▶ _YOUR GOAL_
Keeping every word the same, give again only the lines from the one with "Shelf with supports – hofe" through the end of the data, both included, and leave every picture out.

▶ _SOURCE MATERIAL_
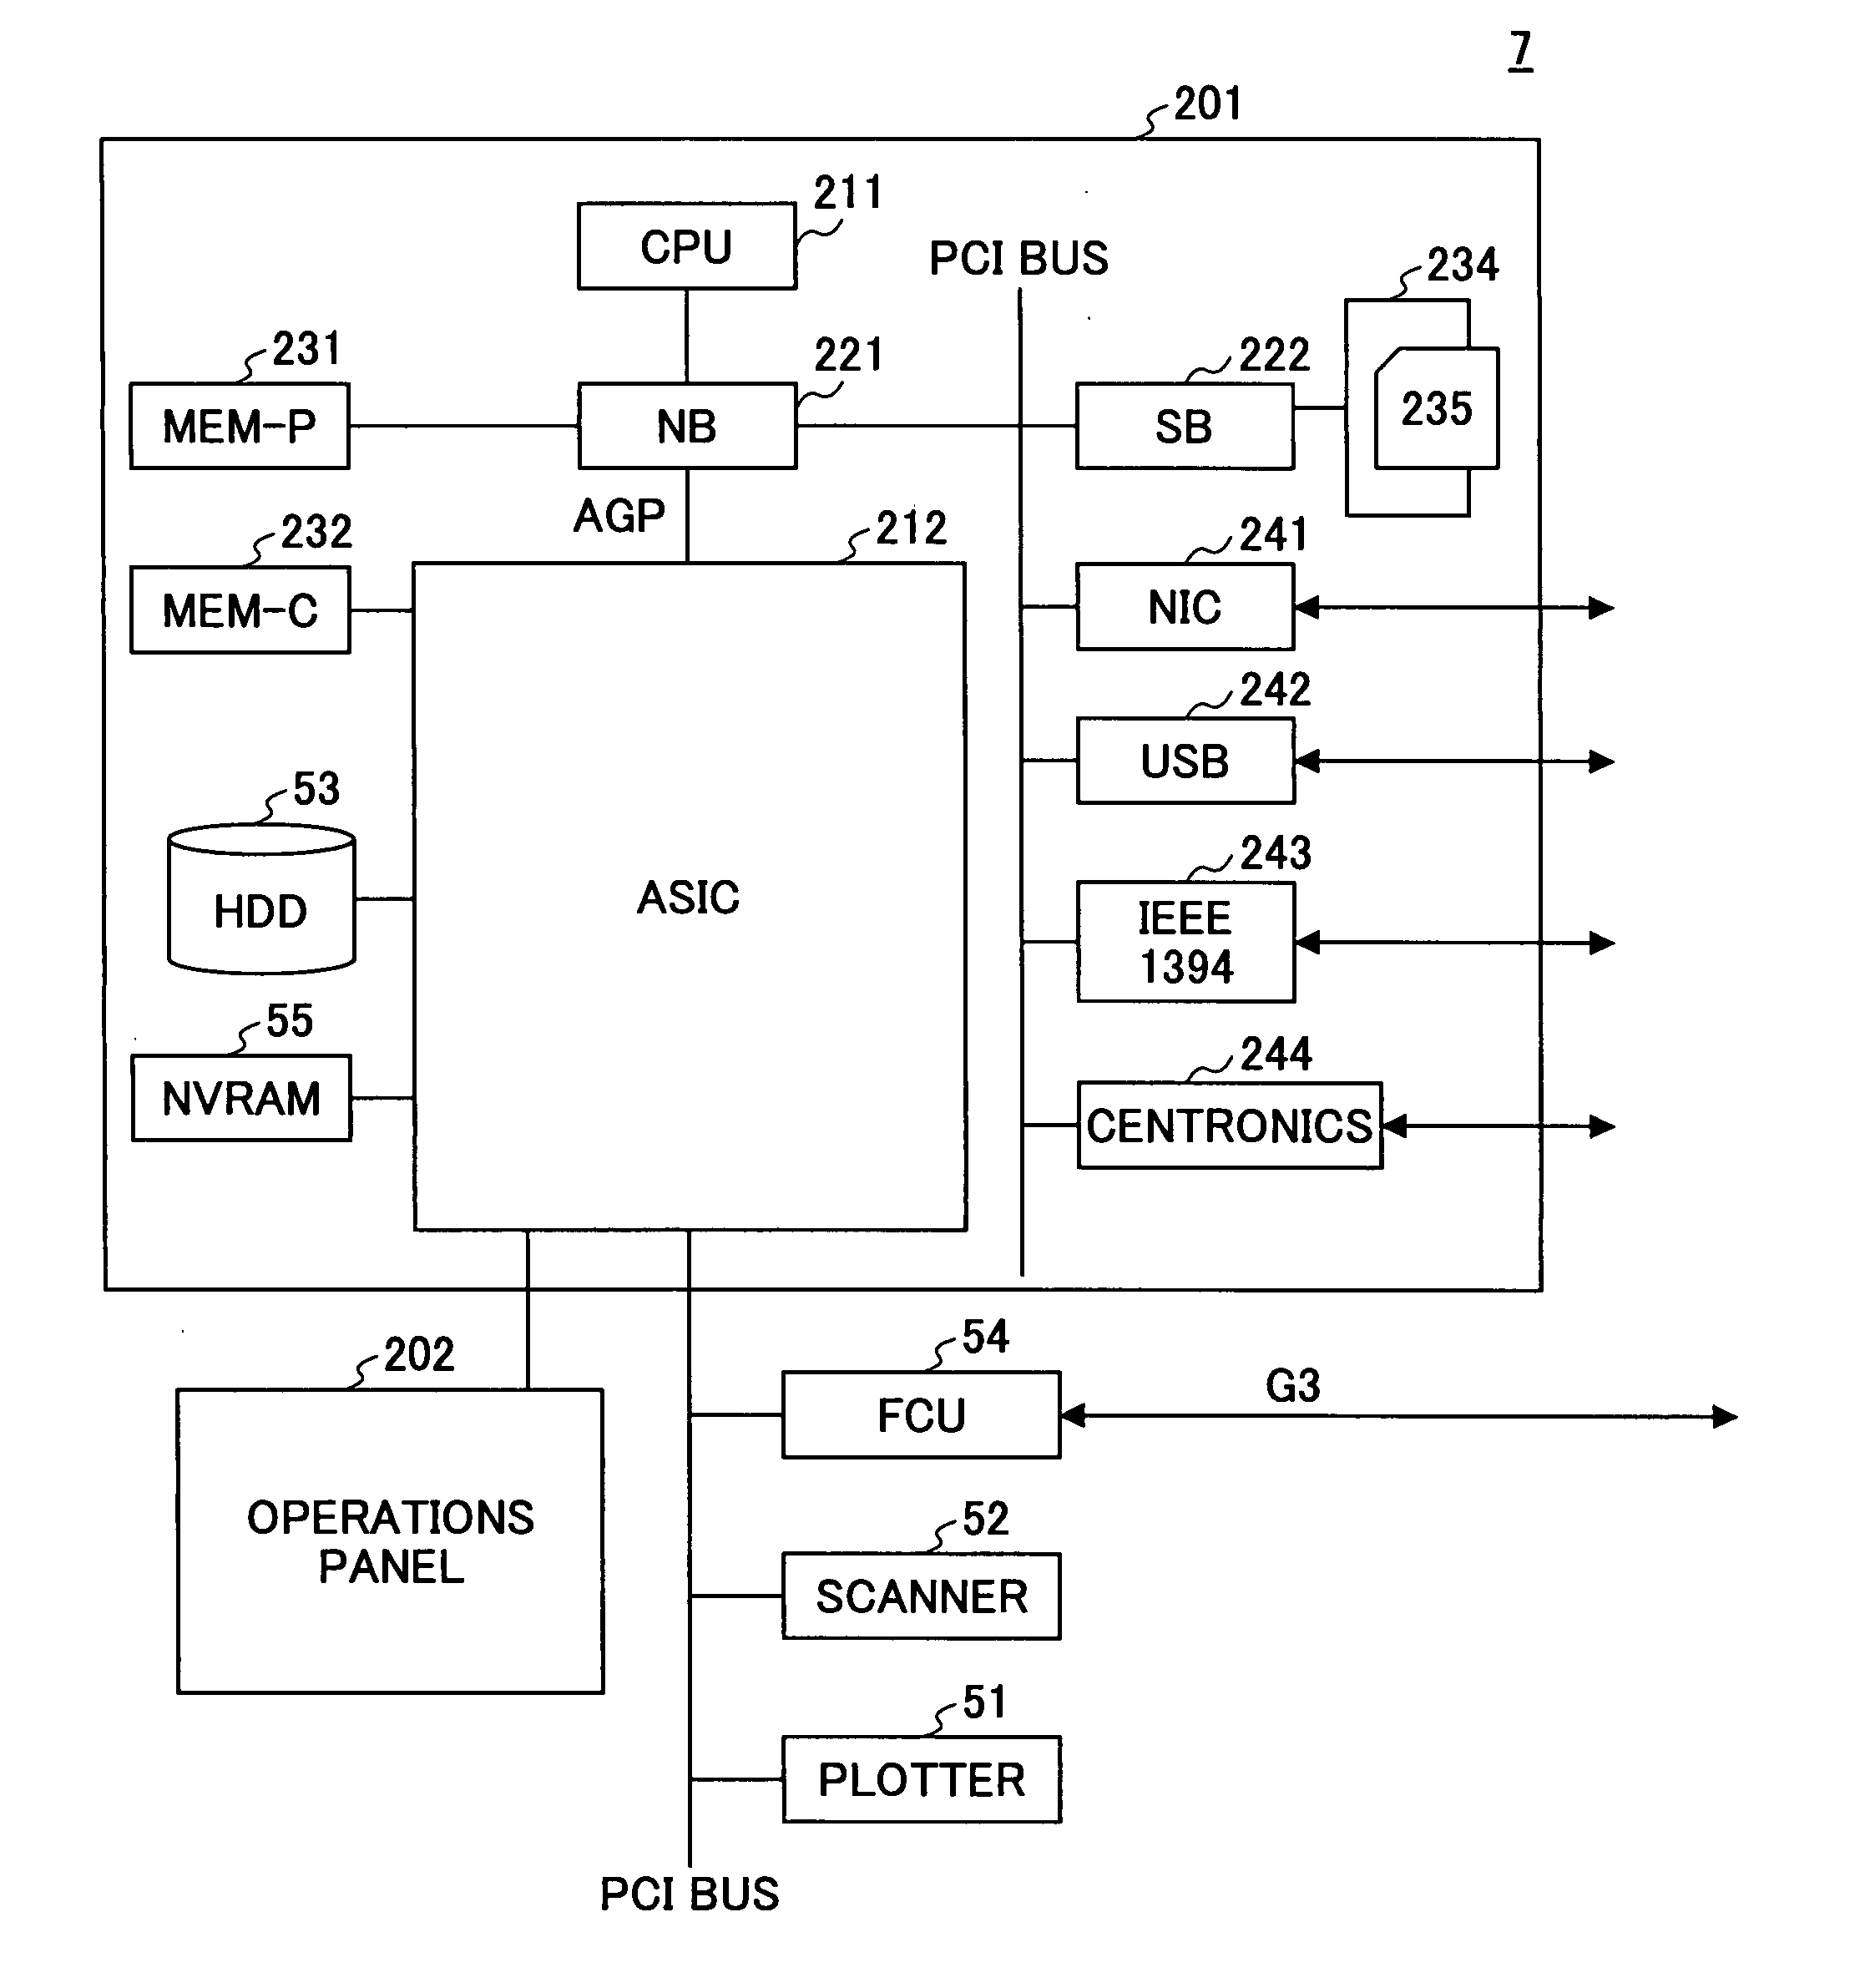 Image forming apparatus capable of managing configuration information of multiple modules
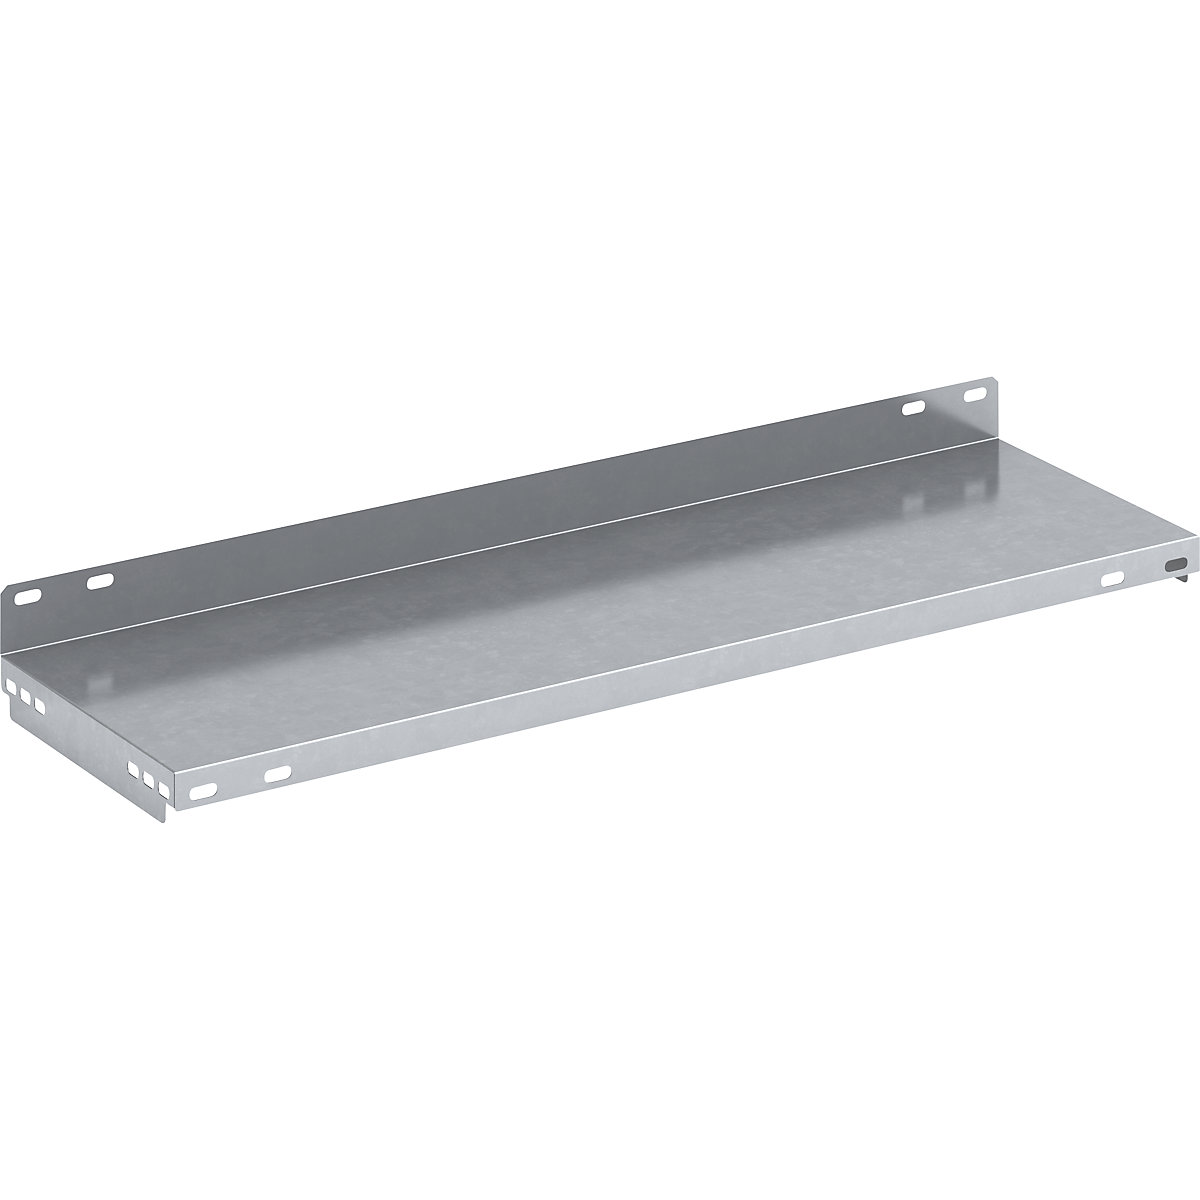 Shelf with supports – hofe
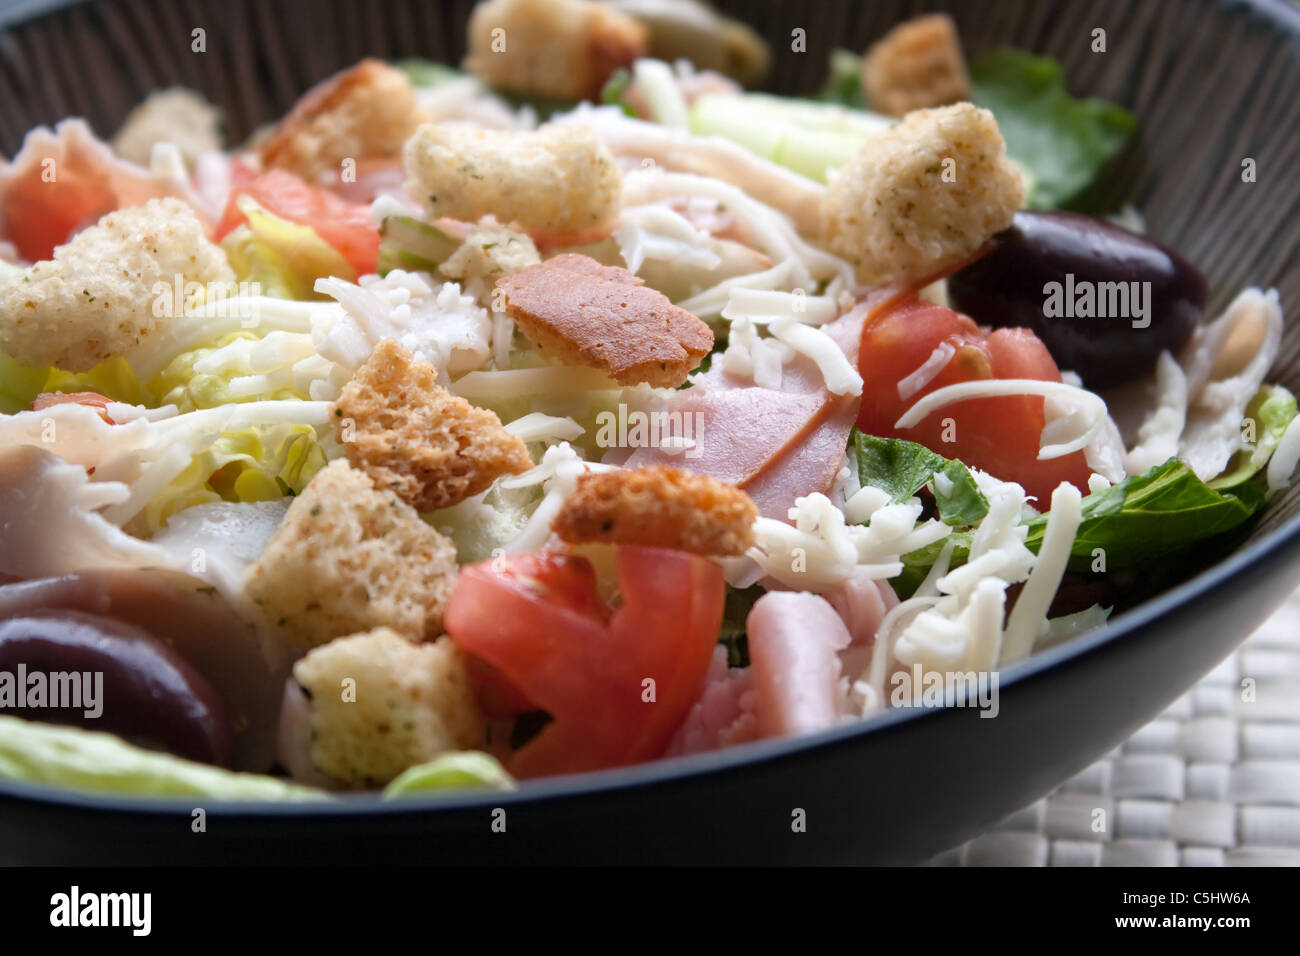 A delicious looking tossed chefs salad or antipasto with meat cheese and croutons. Stock Photo

▶ _SOLUTION TO THIS TASK_
 Shelf with supports – hofe
 A delicious looking tossed chefs salad or antipasto with meat cheese and croutons. Stock Photo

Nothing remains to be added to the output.